# Tapered Tang challenge



## TRfromMT (May 24, 2017)

I did the handle on this knife in collaboration with a small maker as a charity auction piece. It is made from a rasp. The tang tapers two directions, front to back AND top to bottom.

In cutting the scales you end up with two slabs of wood with no two surfaces flat and parallel - not to each other, not to the other scale, and not to the mid-plane of the tang of the knife.

Now... try and drill holes through that which are exactly perpendicular to the mid-line of the knife. I tell you - it was a very interesting challenge. I made some mistakes, but was able to cover for them.

Stabilized black walnut crotch with stainless steel pins.

Reactions: Like 1 | EyeCandy! 5 | Way Cool 6


----------



## NYWoodturner (May 24, 2017)

Well you did a damned fine job of it! 
Nice job on the shape of the handle !

Reactions: Thank You! 1 | Agree 1


----------



## Foot Patrol (May 24, 2017)

@TRfromMT Great looking handle. It can be a PIA to get them aligned correctly. I love the visual of the tapered tang and lessening of the weight in the handle aids in making the knife better balanced.

Reactions: Thank You! 1


----------



## Nature Man (May 24, 2017)

Classic design. Clean lines. Very nice. Chuck

Reactions: Thank You! 1


----------



## Mike1950 (May 24, 2017)

Very nice

Reactions: Thank You! 1


----------



## TRfromMT (May 24, 2017)

Foot Patrol said:


> @TRfromMT Great looking handle. It can be a PIA to get them aligned correctly. I love the visual of the tapered tang and lessening of the weight in the handle aids in making the knife better balanced.



Through no fault of my own , the balance point on this one ended up right on the first pin at your index finger. If it weren't tapered, it would have been waaaaay too tail-heavy. I really didn't have any influence on the balance because the knife was already ground.

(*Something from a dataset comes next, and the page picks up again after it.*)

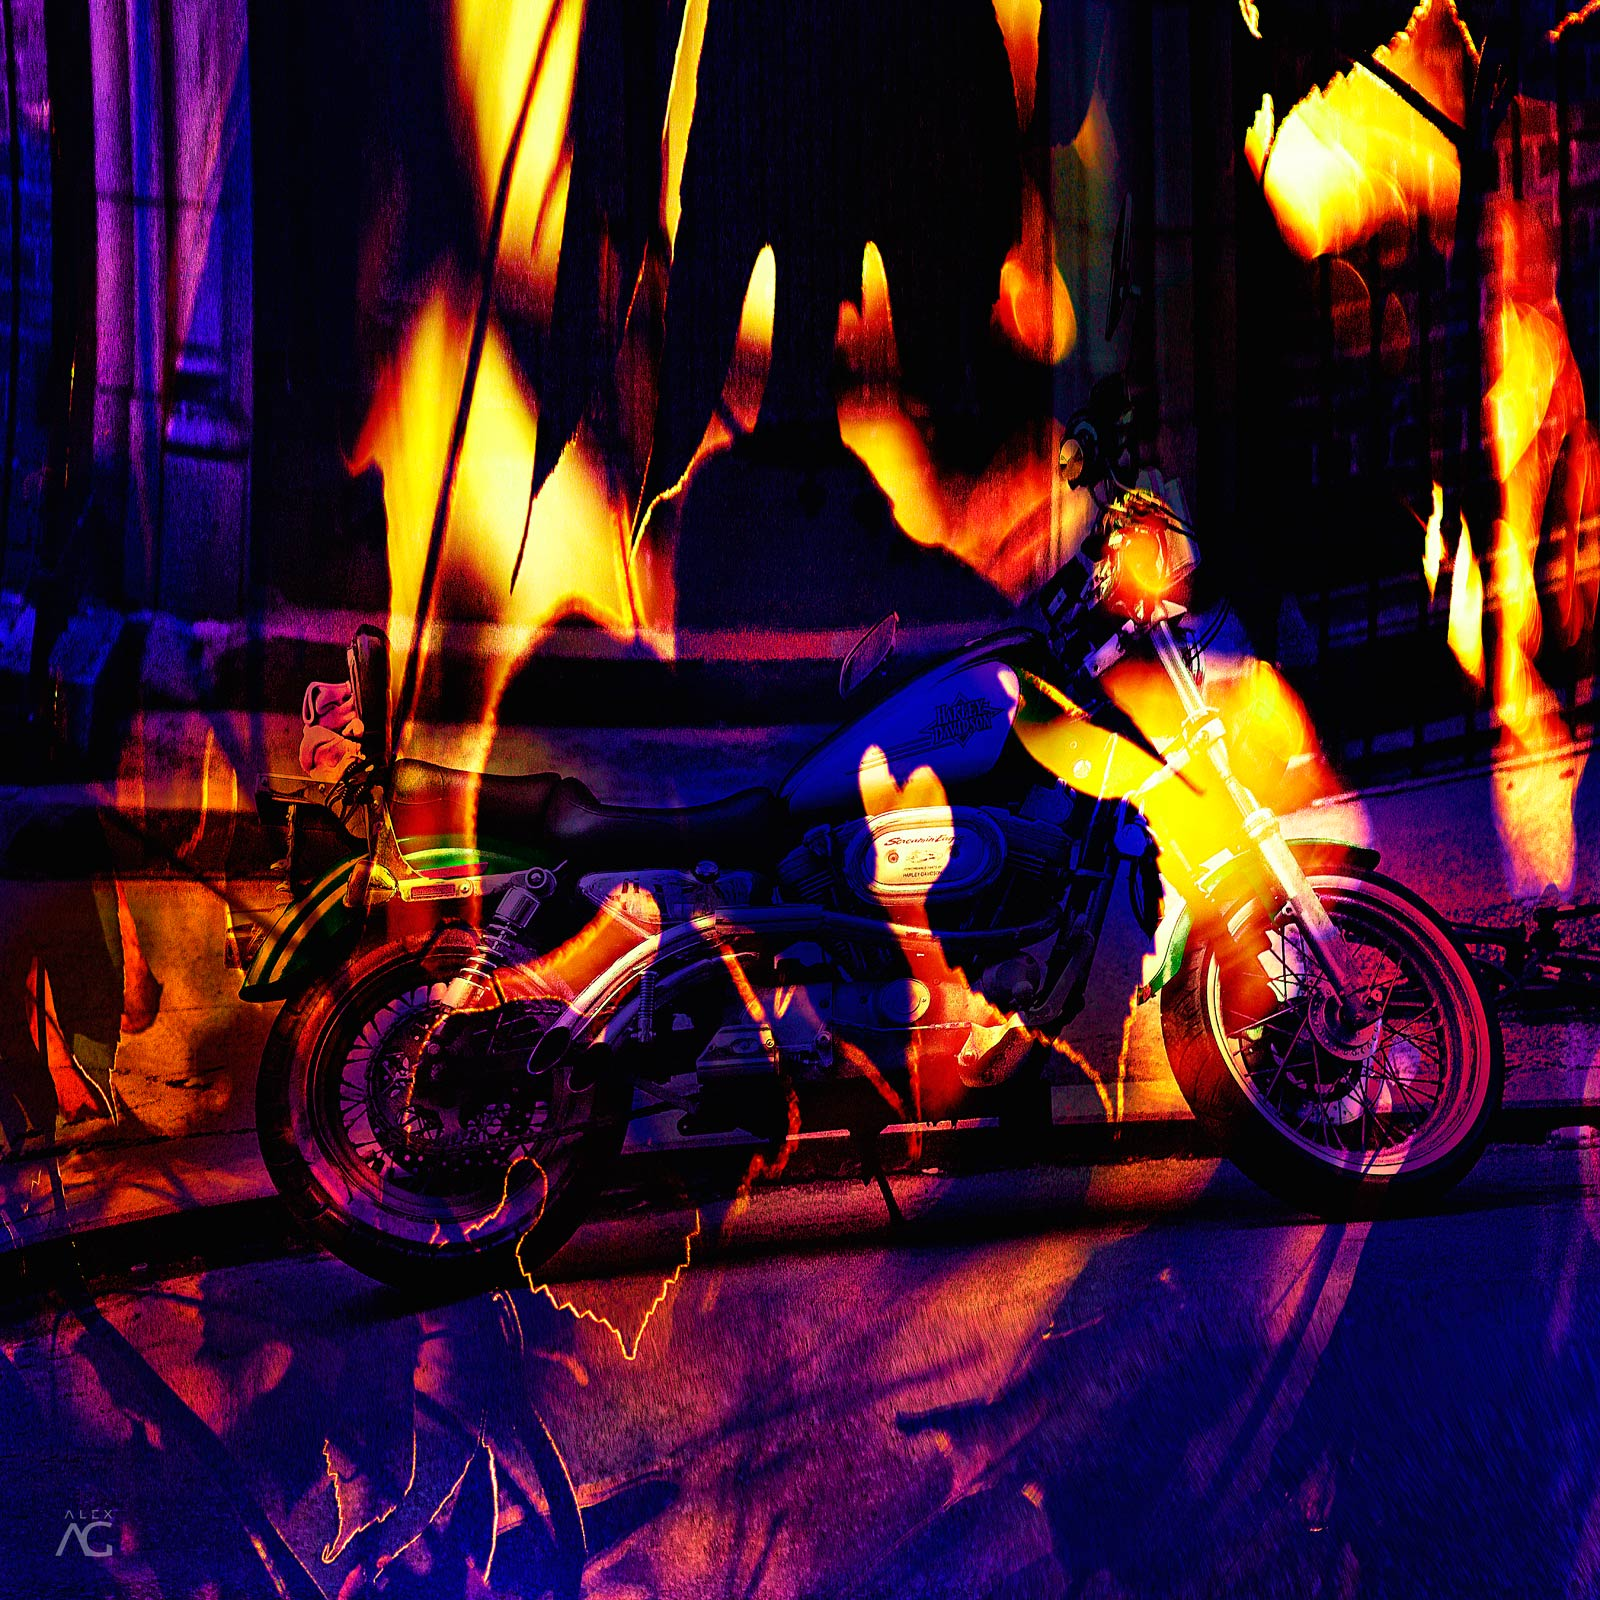 BacklitLeavesInProspectPark_channelMixed_1600_The Autumn Ride

I don't know how a maker influences this other than just a bit of luck... in this case it ended up really nicely balanced.


----------



## Tony (May 24, 2017)

Gorgeous knife Tony, well done!! Tony

Reactions: Thank You! 1


----------



## Mike Hill (May 24, 2017)

Well done!

Reactions: Thank You! 1


----------



## Jack "Pappy" Lewis (May 24, 2017)

Absolutely gorgeous knife, sweet exact fit!

Reactions: Thank You! 1


----------